Les moissonneuses-batteuses d’aujourd’hui rivalisent de qualités techniques : GPS, capteurs de rendement et d’humidité des grains, confort et ergonomie, etc. Crédit photo : Hubert Brochard
Les moissonneuses-batteuses d’aujourd’hui rivalisent de qualités techniques : GPS, capteurs de rendement et d’humidité des grains, confort et ergonomie, etc. Crédit photo : Hubert Brochard

De nos jours

Les années 1990 ont vu l’arrivée de la technologie de géopositionnement par satellite (GPS). Les satellites peuvent désormais retrouver la position exacte de la moissonneuse-batteuse et aider à contrôler ses déplacements au centimètre près. On accède aussi aux capteurs de rendement et d’humidité des grains. Par l’entremise du GPS, ceux-ci permettent de cartographier dans les champs les données fournies. Tout cela augmente l’efficacité et la rentabilité des cultures de céréales. « Les principes de base de la batteuse d’origine sont toujours là, mais avec des améliorations fascinantes à tous les niveaux », souligne M. Corbeil.

L’ancien agronome se dit préoccupé du compactage des sols provoqué par certains modèles de moissonneuses-batteuses au poids élevé. « On n’a pas le choix d’avoir des machines plus grosses qu’avant, mais on peut atténuer les problèmes de diverses façons.
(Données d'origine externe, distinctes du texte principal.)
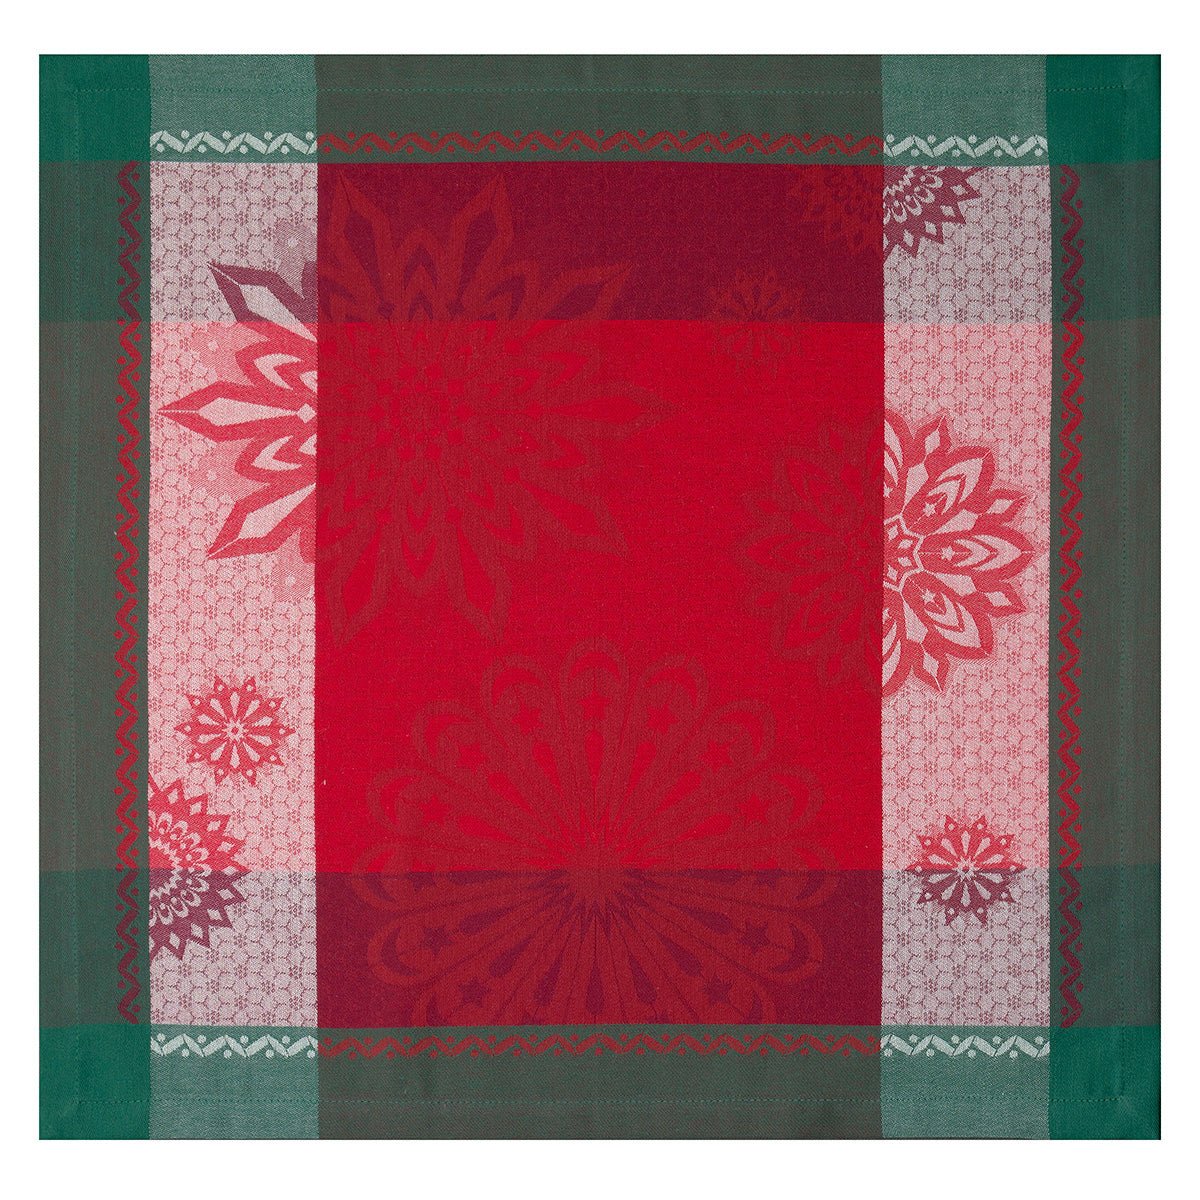 Cloth Napkin - lumière d'étoiles red holiday napkin by Le Jacquard Francais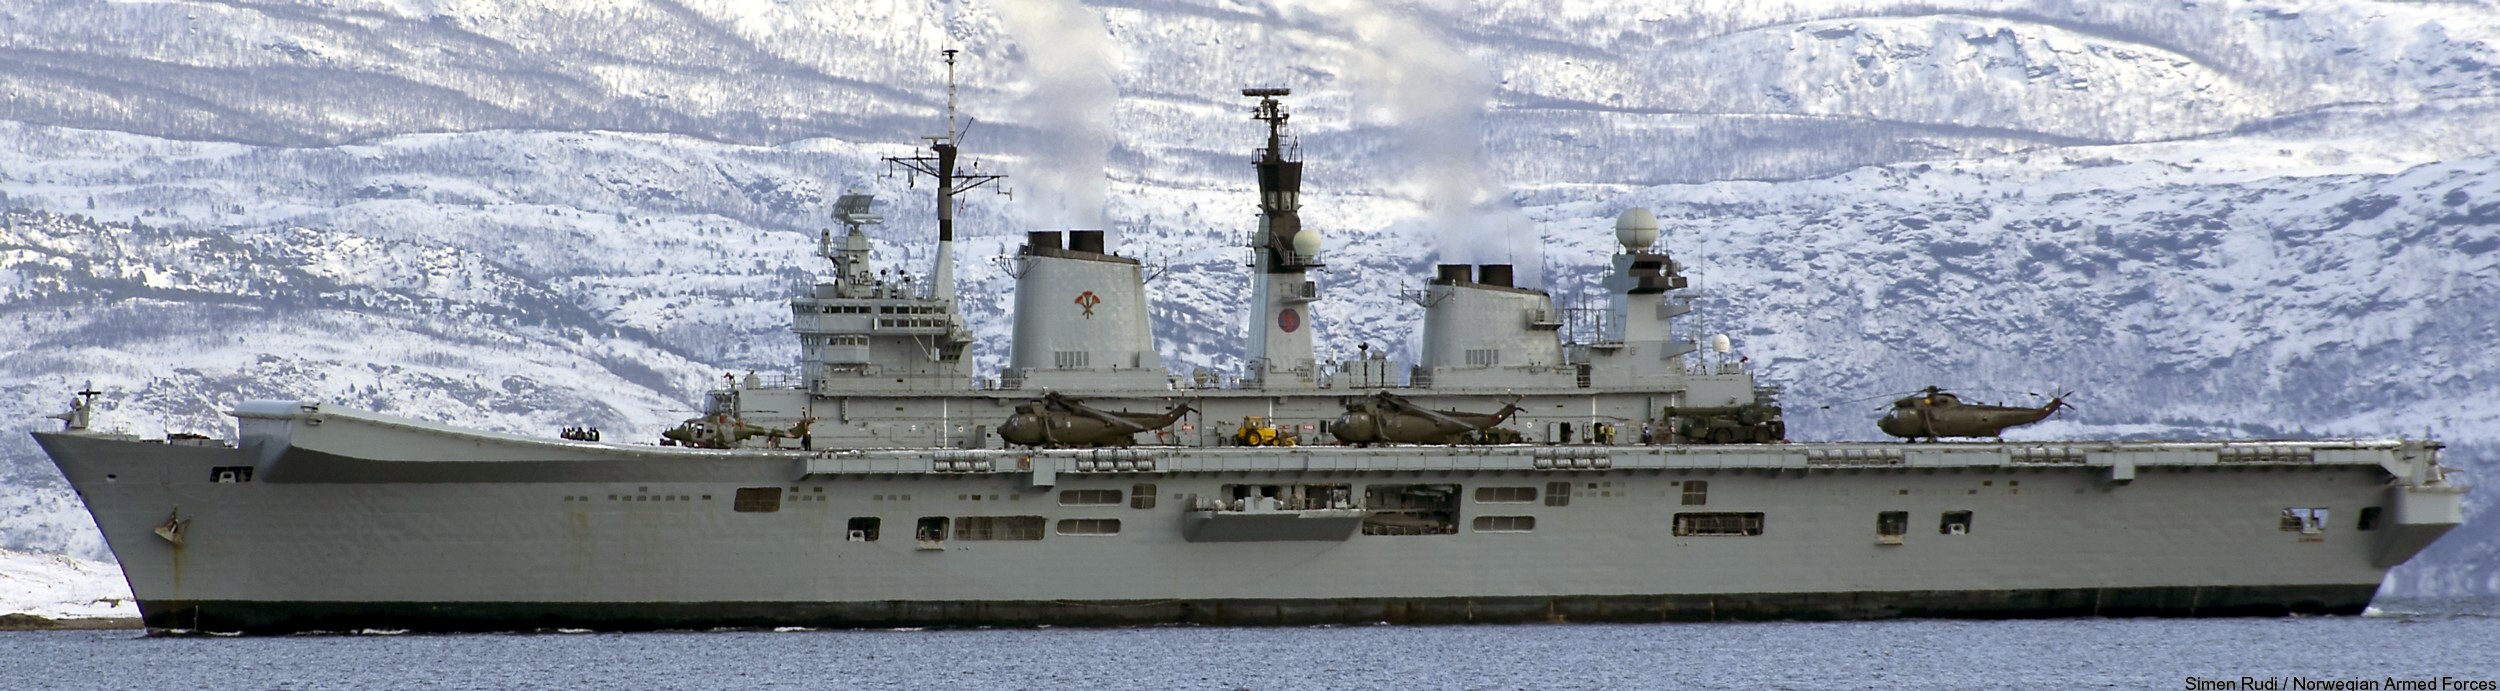 r-06 hms illustrious r06 invincible class aircraft carrier stovl royal navy 63 nato exercise

Par exemple, en installant des roues doubles ou des chenilles, ou en semant ses céréales sur la zone la moins argileuse de ses terres. Et puis, il n’est pas indispensable de choisir le plus gros modèle! En utilisant la machine en continu pendant de longues heures avec une bonne équipe qui se relaie, on peut récolter beaucoup d’hectares en peu de temps. C’est une question d’efficacité », conclut Jean Corbeil.

Un grand merci à Cédric Brosseau, conservateur adjoint au Musée de l’agriculture et de l’alimentation du Canada, pour sa contribution à la rédaction de cet article.

Diverses époques, diverses performances

Avant la mécanisation de la récolte, on égrenait les céréales manuellement au moyen d’un instrument composé d’un manche et d’un battoir en bois : le fléau. Un bon manieur de fléau pouvait obtenir de 3 à 4,5 quintaux (de 300 à 450 kg) de grains par jour. On utilise encore dans les pays du tiers-monde le battage à l’aide des chevaux ou des bœufs dans un « manège de dépiquage ». Les animaux y foulent les céréales avec leurs sabots ou en tirant par exemple des rouleaux en pierre, en fonte ou en bois garnis de pointes. Un manège à deux bêtes nettoie de 15 à 25 quintaux (de 1,5 à 2,5 t) de grains par jour. Les grandes batteuses mécaniques stationnaires décortiquent quant à elles de 120 à 180 quintaux (de 12 à 18 t) de grains par jour.

En ce qui a trait aux moissonneuses-batteuses, dans les années 1930, un gros modèle récoltait déjà de 150 à 200 quintaux (de 15 à 20 t) de blé ou d’orge par jour. Aujourd’hui, certaines peuvent battre de 40 à 300 quintaux (de 4 à 30 t) à l’heure.

Question prix

Une moissonneuse-batteuse Sperry-New Holland TR70 de 1978 à rotors jumelés, avec barre de coupe de 4,9 m à 7,3 m, récoltait une moyenne de 2,06 ha/h (5,94 t/h) et se détaillait à près de 59 000 $ US.

Les moissonneuses-batteuses d’aujourd’hui coûtent de 140 000 $ à 700 000 $ CA.